Pheromones
Have you ever wondered why some people appears more sexually attractive and seductive than others, especially when you get closer to them? Scientists explain that all mammals secrete a chemical substance, called pheromones that is responsible for sexual attraction.
What Should You Know About Pheromones?
Sense of smell is the principal factor that stimulates intuitive responses in animals, and help them in deciding how to react to predators, rivals and potential mates. Kazushige Touhara is a professor at the University of Tokyo's Graduate School of Agricultural and Life Sciences in Japan. Prof. Touhara and his team conducted a research on mice to analyze how male pheromones intensify sexual behavior in females.
Prof. touhara suggested that chemicals, more specifically odors can have a remarkable influence on the instinctive behaviors of animals, even on the first interaction. It is assumed that there are certain neural mechanisms that connects important sensory information to the relevant behavioral centers located inside the brain. Studying this mechanism can be helpful to understandthe reproductive behavior in humans.
The research team focused on exocrine gland-secreting peptide 1 (ESP1), a male pheromone which has been previously indicated as a stimulator of sexual behavior in female mice and aggressive behavior in male mice.
ESP1 is perhaps the only chemical that connects with a single receptor. This one to one contact makes it standout among other pheromones for study and research purposes.
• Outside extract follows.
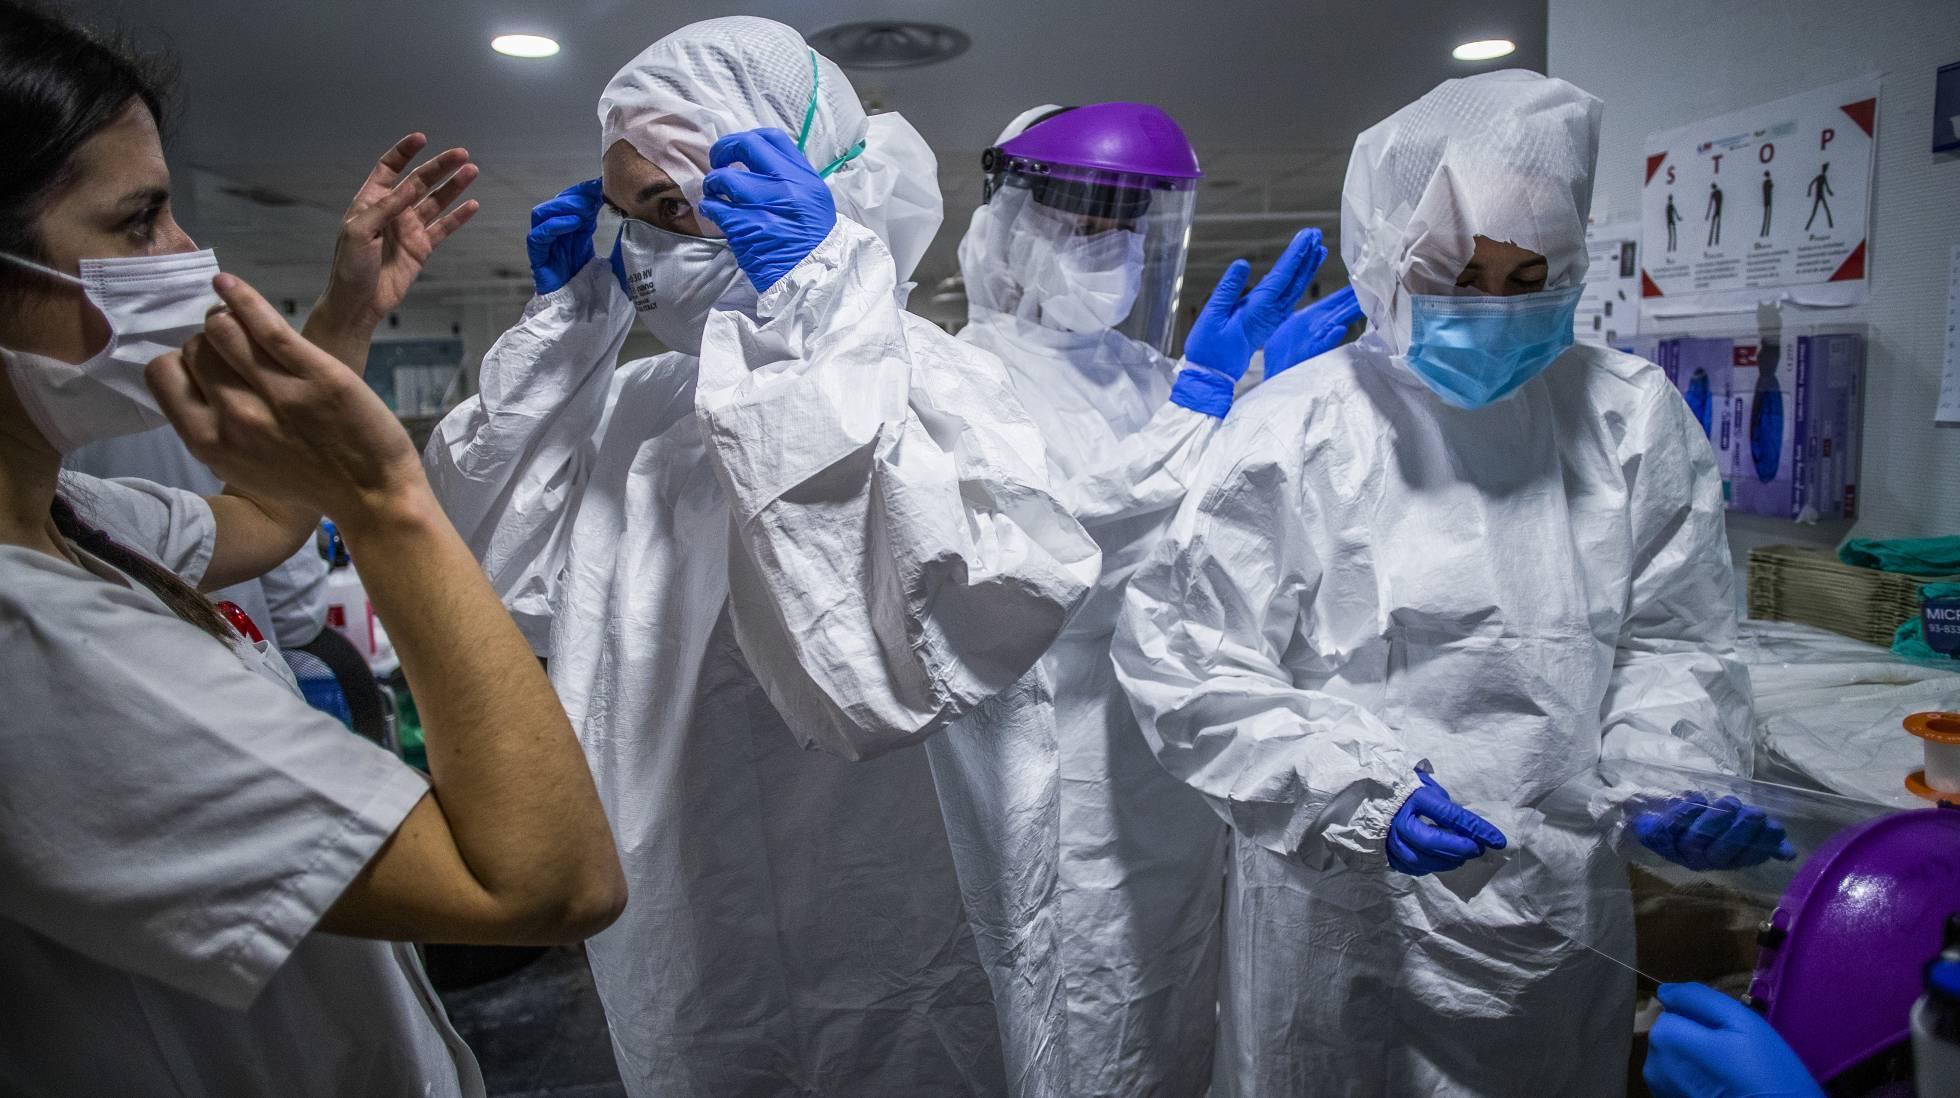 En plena pandemia, hoy se celebra el día de la sanidad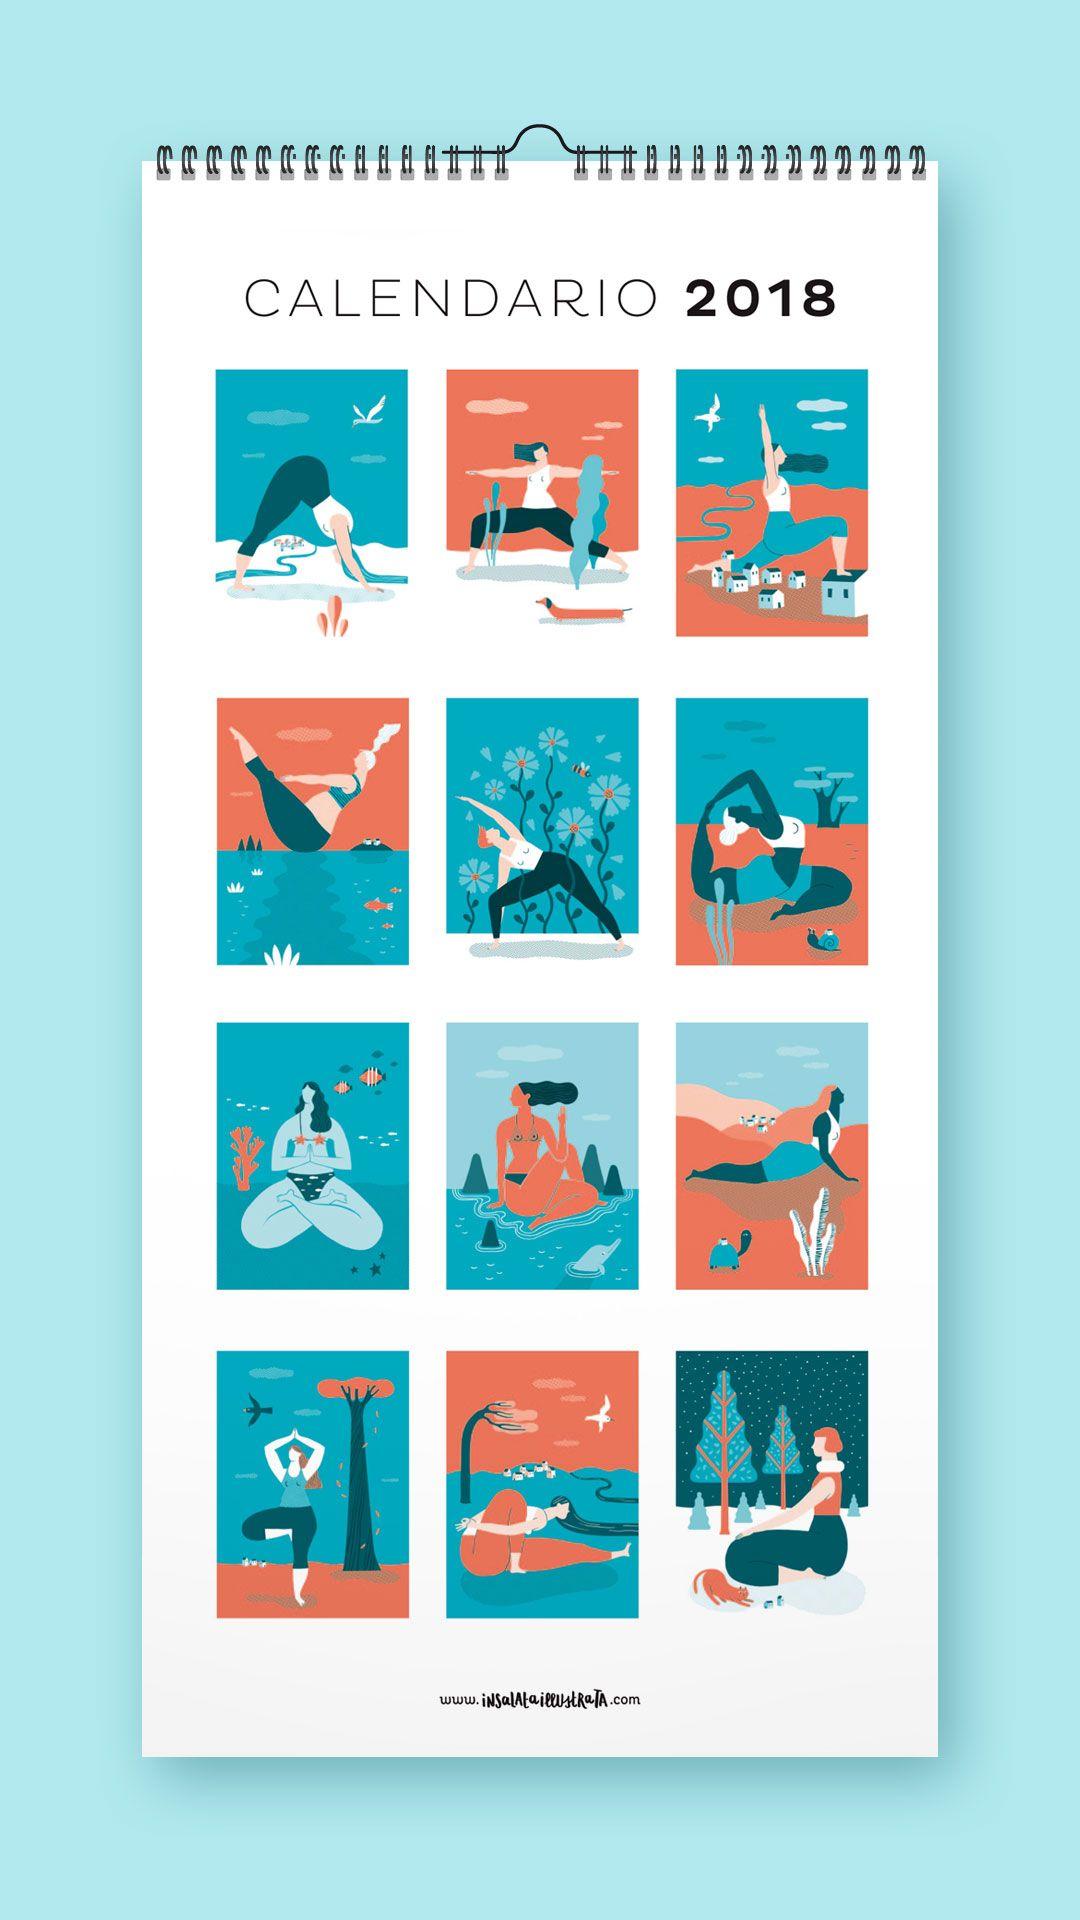 Calendario Illustrato.Calendario Yoga 2018 Calendario Illustrato Illustrazioni

To observe transmittance of ESP1 signals in to the brain, researchers virally infected ESP1 receptor neurons and marked them with fluorescent proteins. Observations indicated that the transfer of signals in to amygdala was different in male and female mice. Amygdala is a component of brain’s limbic system, respons
ible for emotional behaviors and incitements. A sub-area within the amygdala functions as a switch that transmits ESP1 information to various parts of hypothalamus, according to the gender of mice. In male mice, the signals are transferred from peripheral receptive organ to the motor-regulating midbrain, through amygdala-hypothalamus axis. Whereas in females, the sexual behavior was regulated through a different pathway from hypothalamus to the midbrain.
Hypothalamus is a part of brain that releases hormones to regulate numerous body functions such as, sexual drive, mood, thirst, hunger, sleep and body temperature.
The research study also suggested that activation of ESP1 receptor neurons in hypothalamus even in the absence of ESP1 can elevate sexual activity in female mice.
ESP1 And Predator Neurons
To identify the response of receptor neurons against a predator cue signal, researches introduced skin of a snake in the brain's dorsal ventromedial hypothalamus, an area linked to the defensive behavior. No significant change was observed in the sexual behavior after the stimulation of neurons (in reaction to the predator cue signals). This finding suggests that ESP1 and predator cue neurons are two different neurons and only ESP1 is responsible for sexual attitude in female mice.
Although, this research gives a basic idea about how brain circuits turn chemical signaling into sexual and aggressive behaviors in female and male mice, respectively but, an extensive study is required to better understand working and regulation of female sexual behavior. To be specific, a deeper research may provide a strategy to turn male pheromones into sexual retaliation from females. It may also help in determining the sexual dysfunction.
References
- Hattori, T., Osakada, T., Matsumoto, A., Matsuo, N., Haga-Yamanaka, S., Nishida, T., ... & Kikusui, T. (2016). Self-exposure to the male pheromone ESP1 enhances male aggressiveness in mice. Current biology, 26(9), 1229-1234.
- Yoshinaga, S., Sato, T., Hirakane, M., Esaki, K., Hamaguchi, T., Haga-Yamanaka, S., ... & Terasawa, H. (2013). Structure of the mouse sex peptide pheromone ESP1 reveals a molecular basis for specific binding to the class C G-protein-coupled vomeronasal receptor. Journal of Biological Chemistry, 288(22), 16064-16072.